Sometimes the problem is larger, though. What if you're not only in the wrong job, but the wrong line of work? It happens, more often than you might think. It's very easy upon graduation to take the path of least resistance, to accept the job you know you can do well rather than the one that challenges you. It's easy to misjudge your interests, or to need more time to find the path that's right for you.

So how do you know when you need a bigger change than just a new job? There are a few easy signs; if you have a particular interest outside of work that consistently holds your attention better than your job does, for instance. If you've had a string of bad employment experiences in your field, you're probably in the wrong field.

The best thing to do is to write a list of things you don't like in your current job. If they're mostly things that are likely to be different with a new employer (shorter commute, higher salary, different management structure), then you probably don't have a problem with the field that you're in. But if your list includes a lot of elements that aren't specific to your present job - if you want to be doing something more creative, for example - then you might need to start thinking about an entirely different track.

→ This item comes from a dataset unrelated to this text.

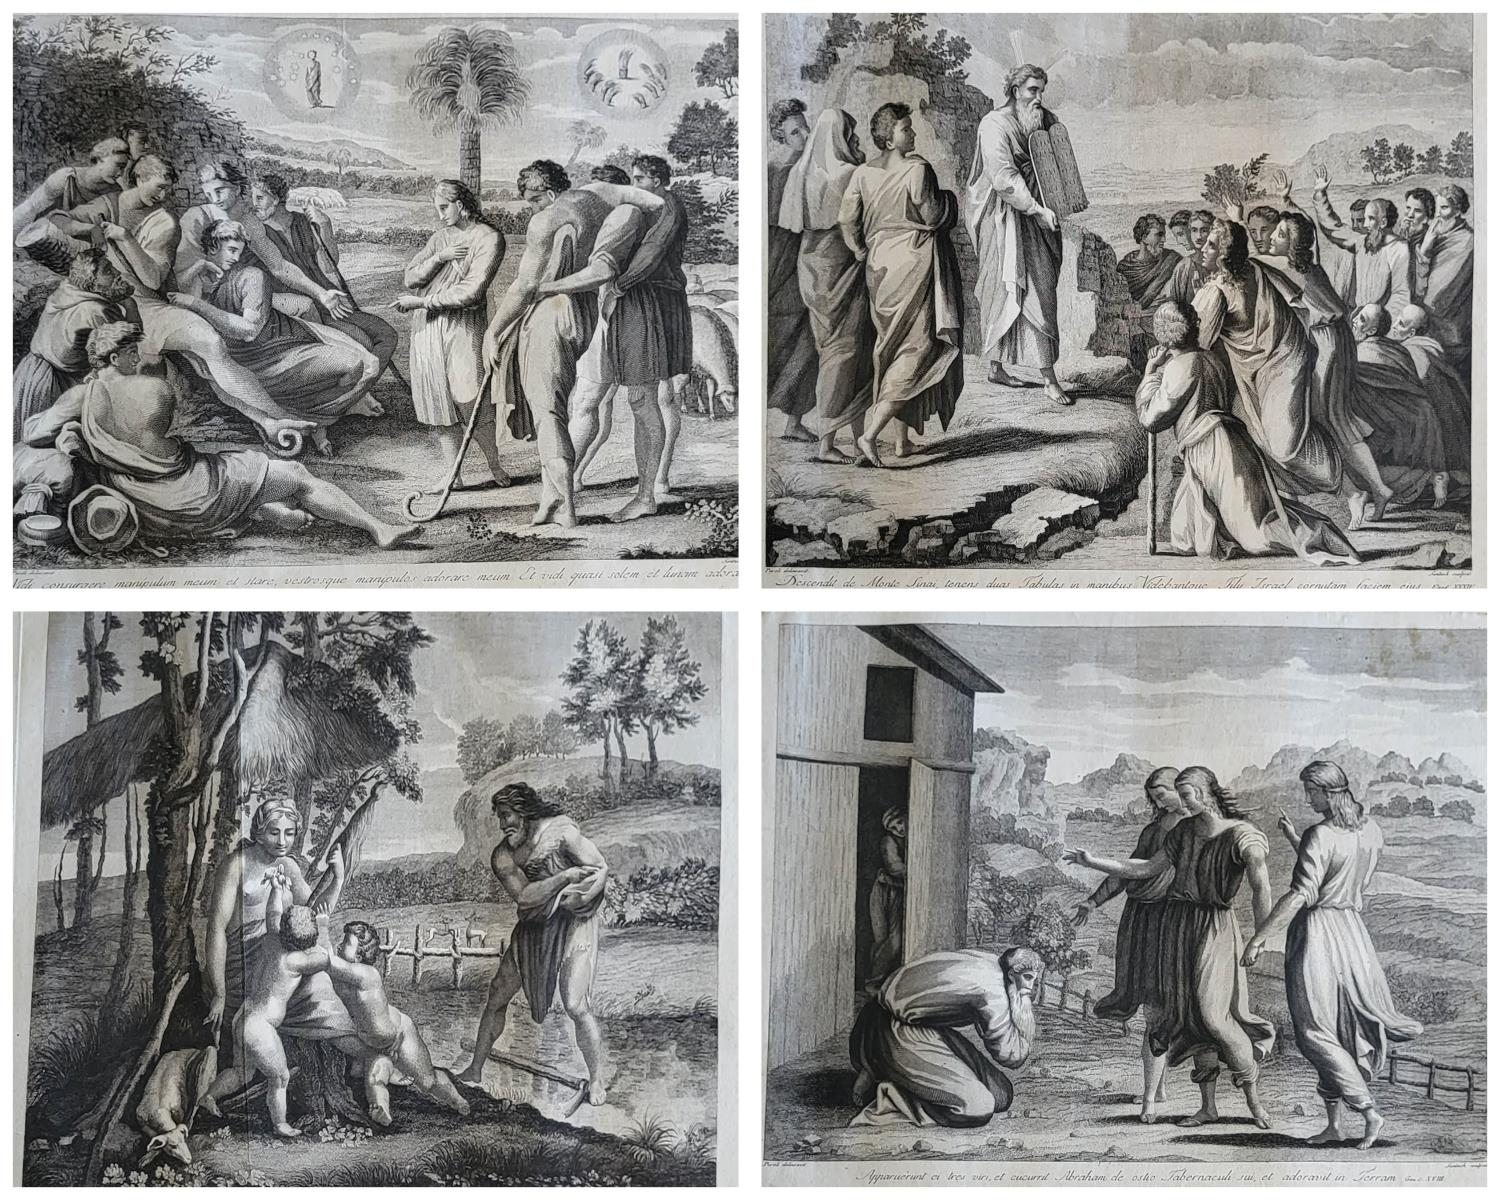 PAROL AND BY ANTONIO SUNTACH, 1744 - 1828, AFT SANZIO OF URBINO, RAFFAELLO,1483 - 1520 "Former

Keep in mind that it's okay to switch jobs - if you didn't know at twenty-one or twenty-two what you wanted to do with the rest of your life, that's fine. It's never too late to make a change. Whether you got it right on the first try (or second or third) isn't important; what's critical is that you find something that helps you triumph over the alarm clock most days because you can't wait to get to work.

2 comments:

Abby said...

Thanks for sharing this article Katie. I like hearing that other people didn't get it right on the first try either. It's one of those things that's more prevalent than we realize, but not everyone is brave enough to talk about it.

Anonymous said...

Nice post. I would like to add: One thing that pushed me to search for a new job was a company gone static. When salaries freeze, change never happens, and the same people have been in charge for the past 30 years, its time to get out of there. Ive been with this company for 3 years. They have been around for 100 years but they are not progressing. They are so stuck in there ways I cannot work in the stone age. So, I got a new job!